--- TRY IT ---
For this exercise, repeat exactly the lines below starting at the line holding "ショルダー深くエキスパートR" and ending at the line holding "新年後疫情再度升溫 K11 Musea名潮食館增15人確診", both included, with no extra lines and no pictures.

--- RECORDS ---
>>

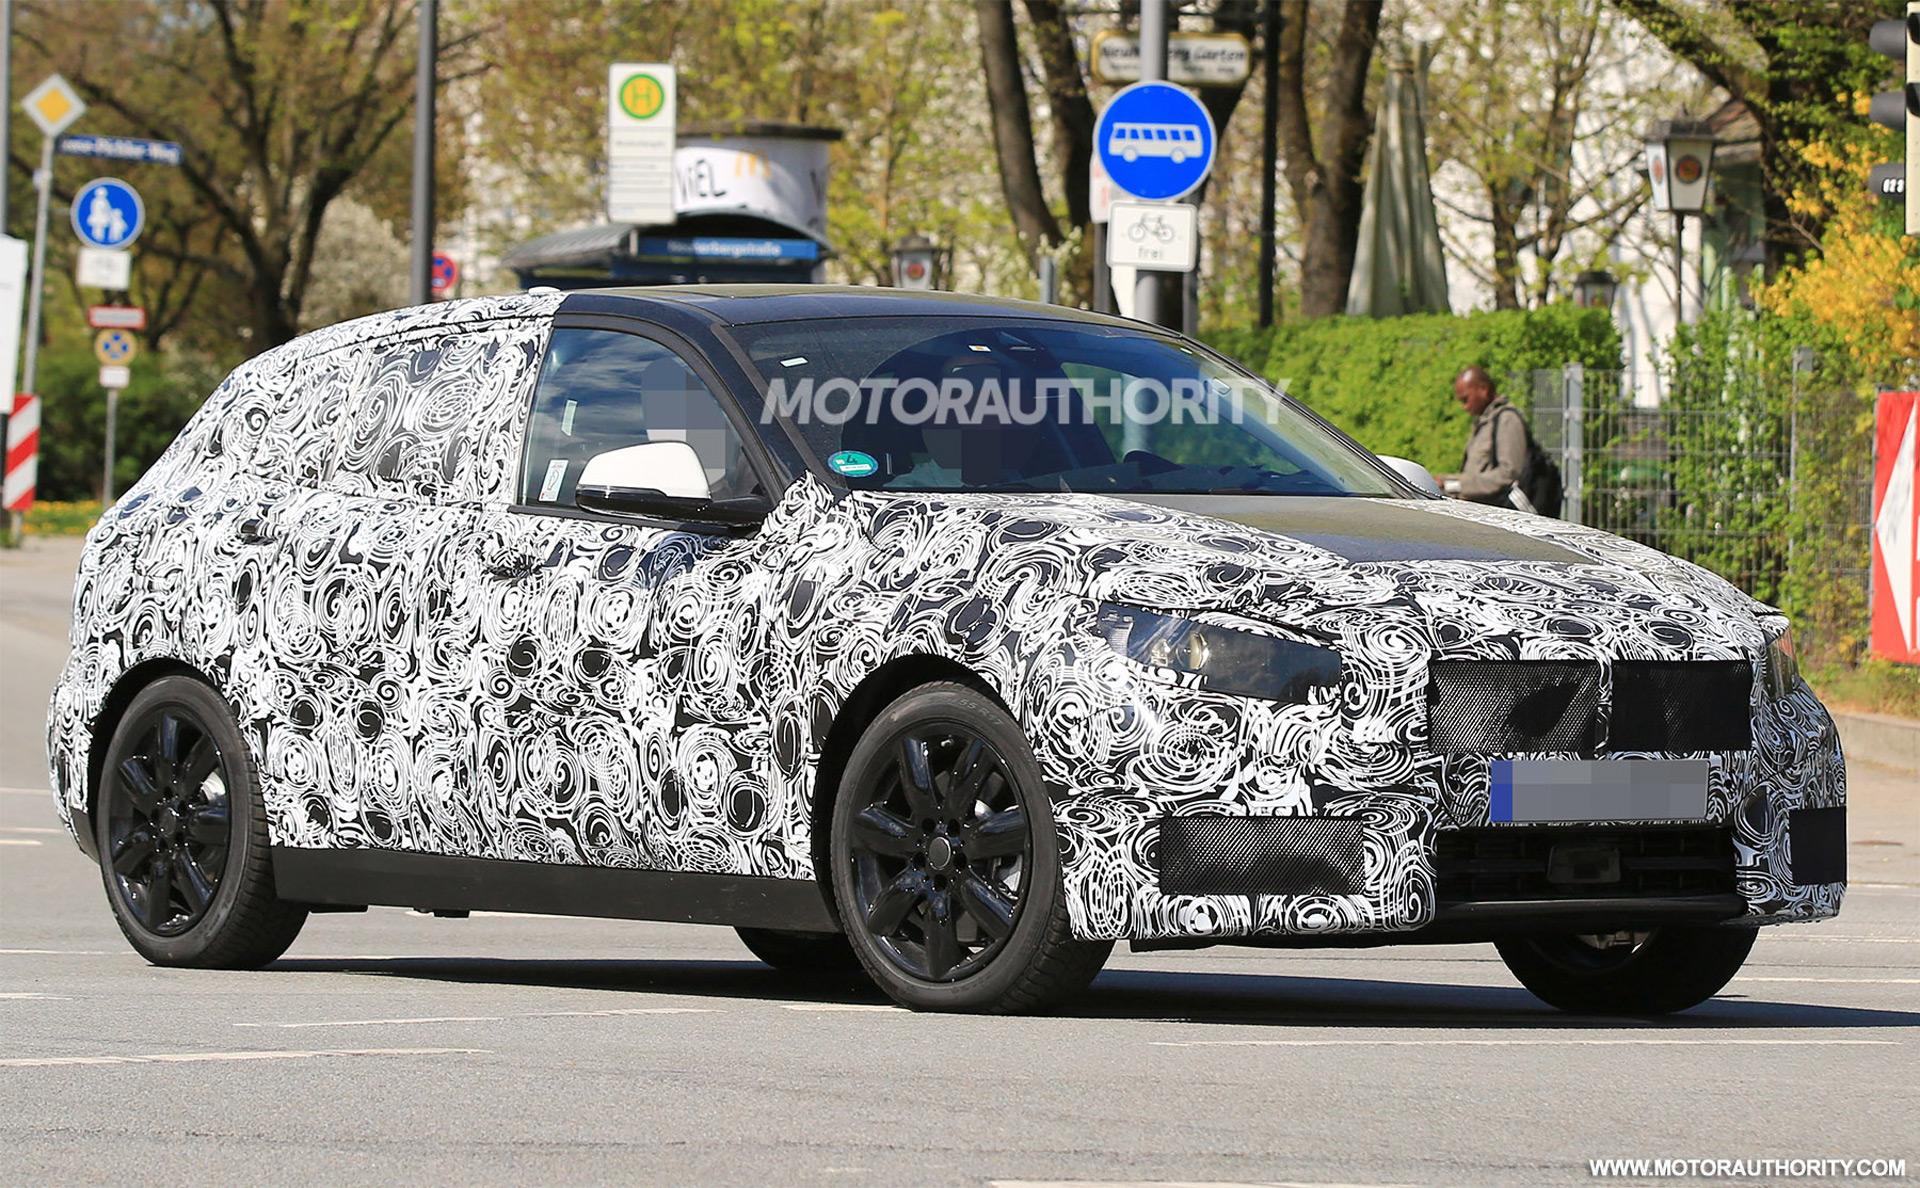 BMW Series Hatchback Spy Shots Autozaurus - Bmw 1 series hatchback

<<
>>

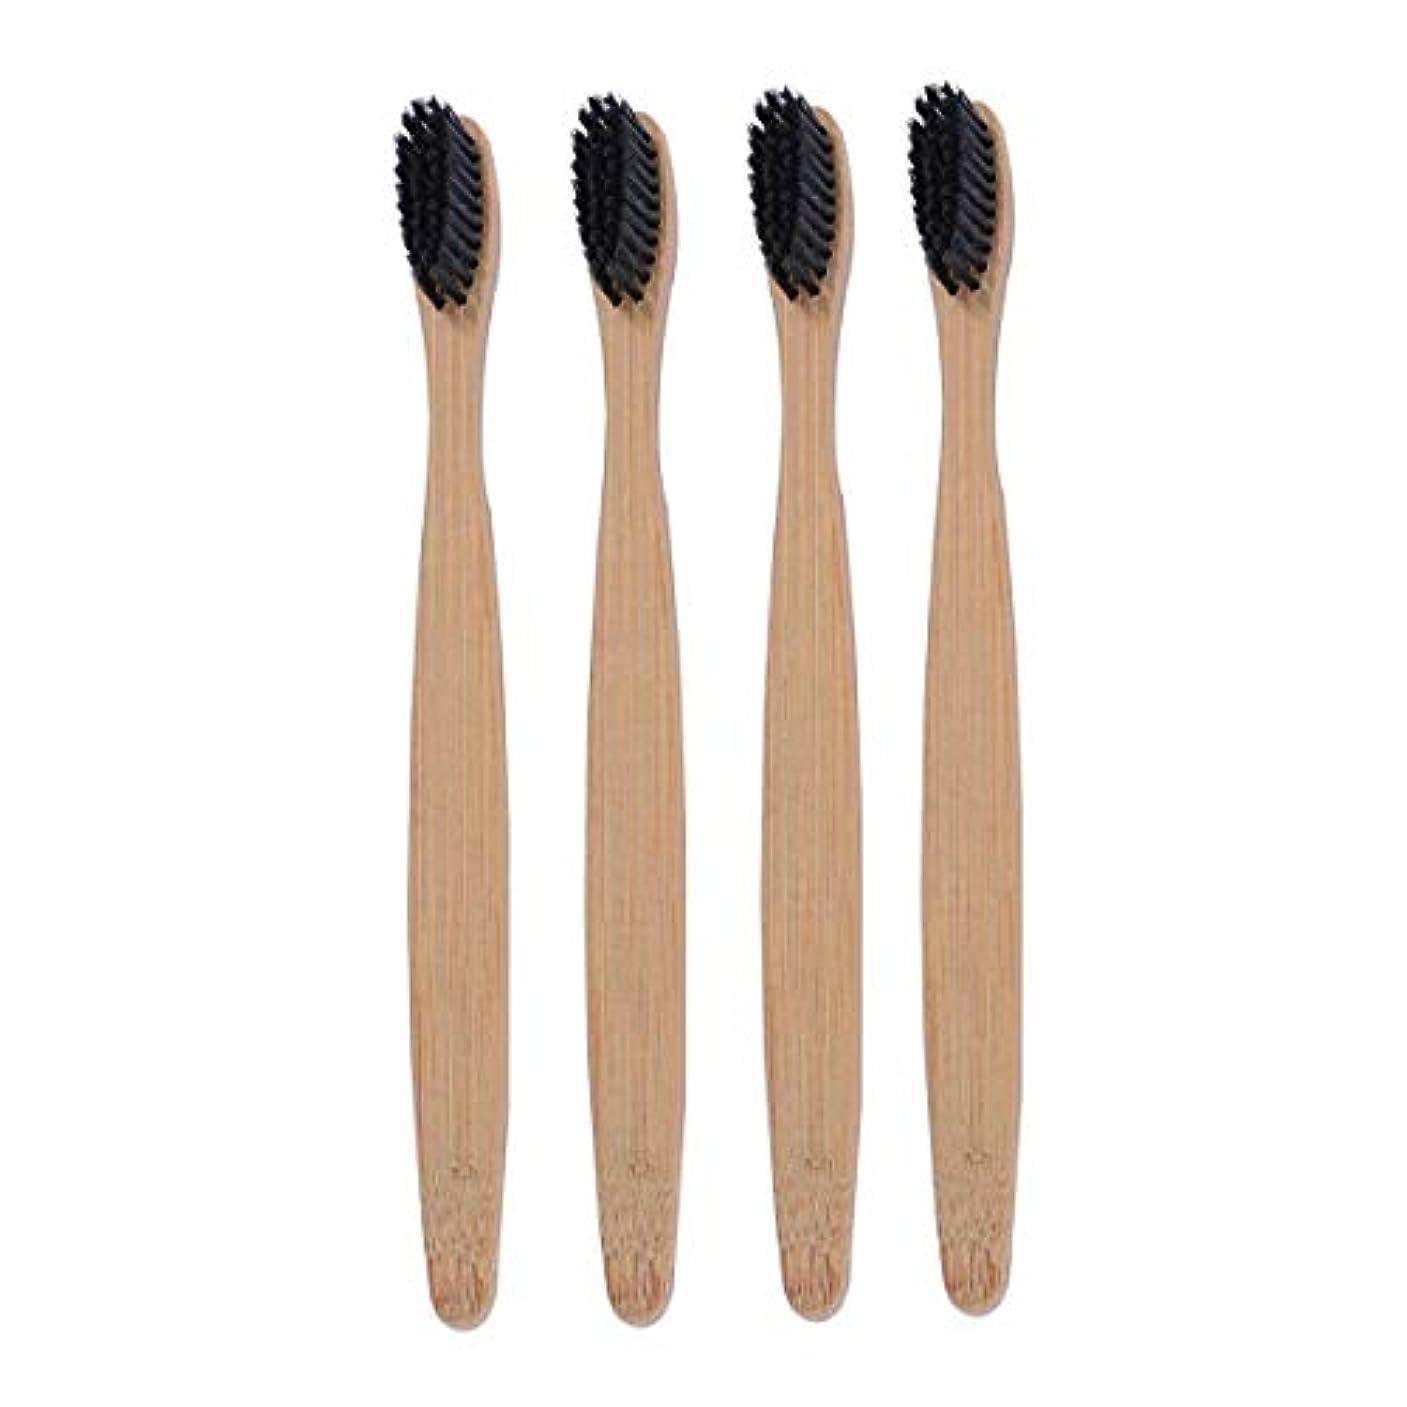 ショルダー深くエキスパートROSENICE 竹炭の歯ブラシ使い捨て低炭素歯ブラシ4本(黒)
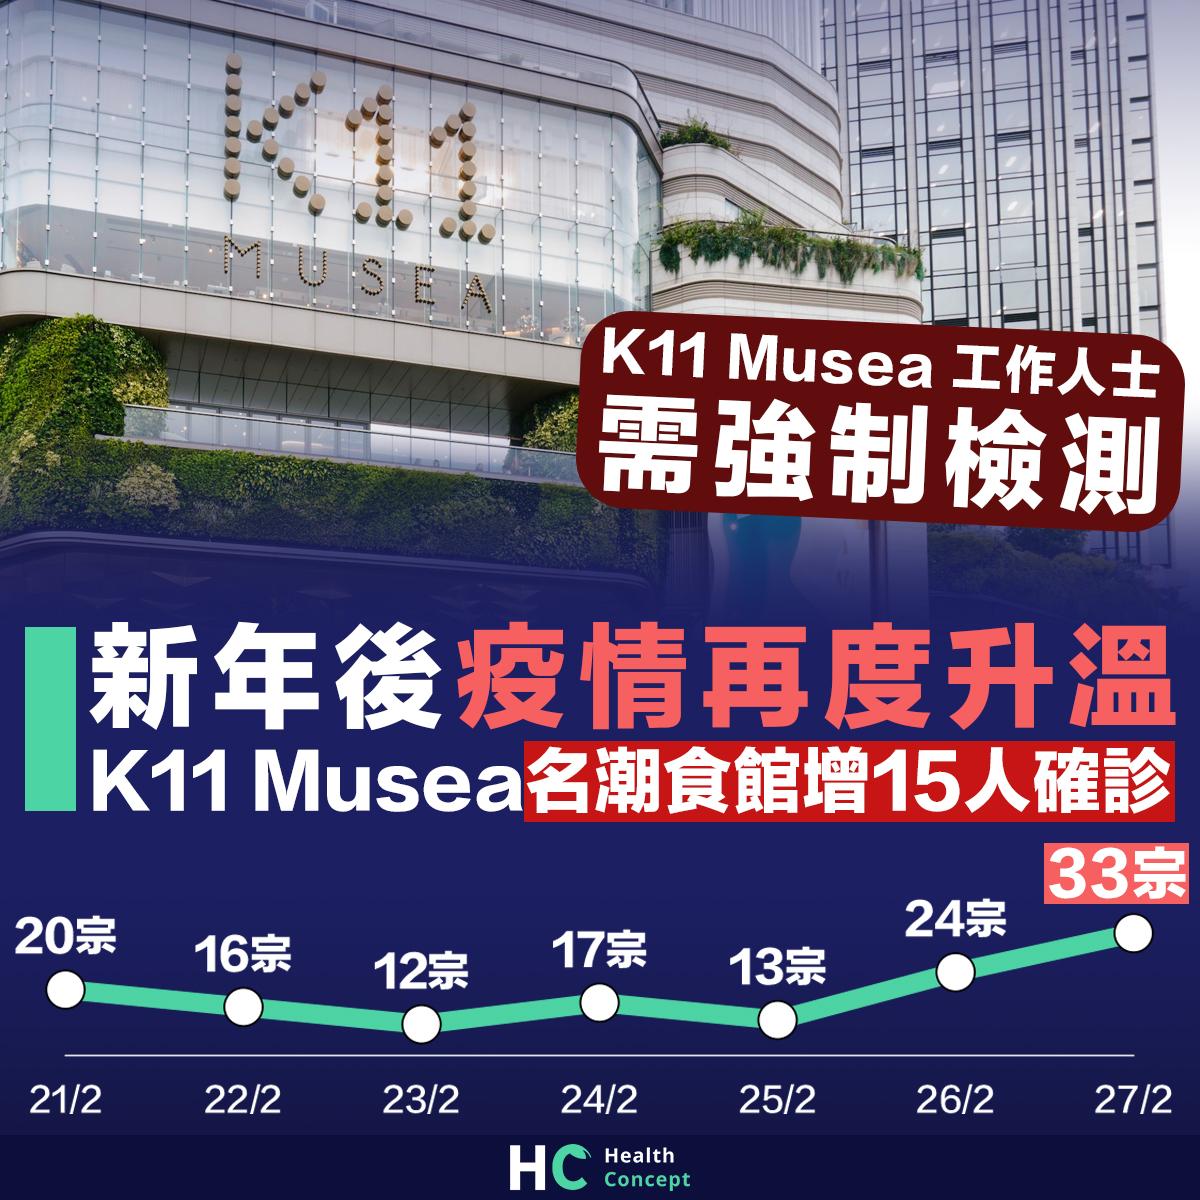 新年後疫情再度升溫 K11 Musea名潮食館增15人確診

<<
>>

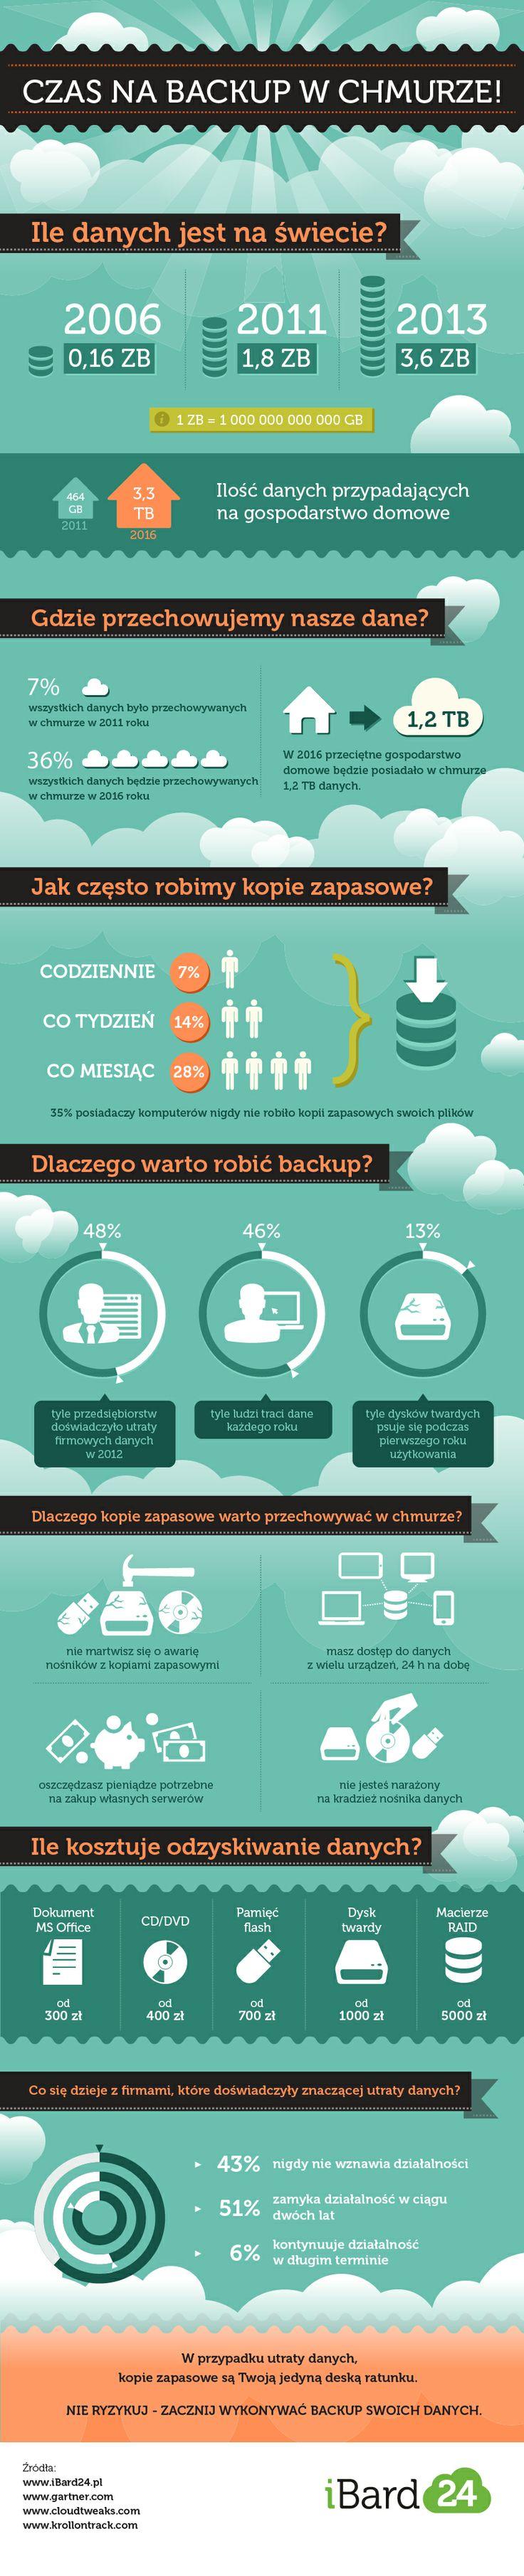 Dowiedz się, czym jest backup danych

<<

--- RESULT OF THE TASK ---
 ショルダー深くエキスパートROSENICE 竹炭の歯ブラシ使い捨て低炭素歯ブラシ4本(黒)
 新年後疫情再度升溫 K11 Musea名潮食館增15人確診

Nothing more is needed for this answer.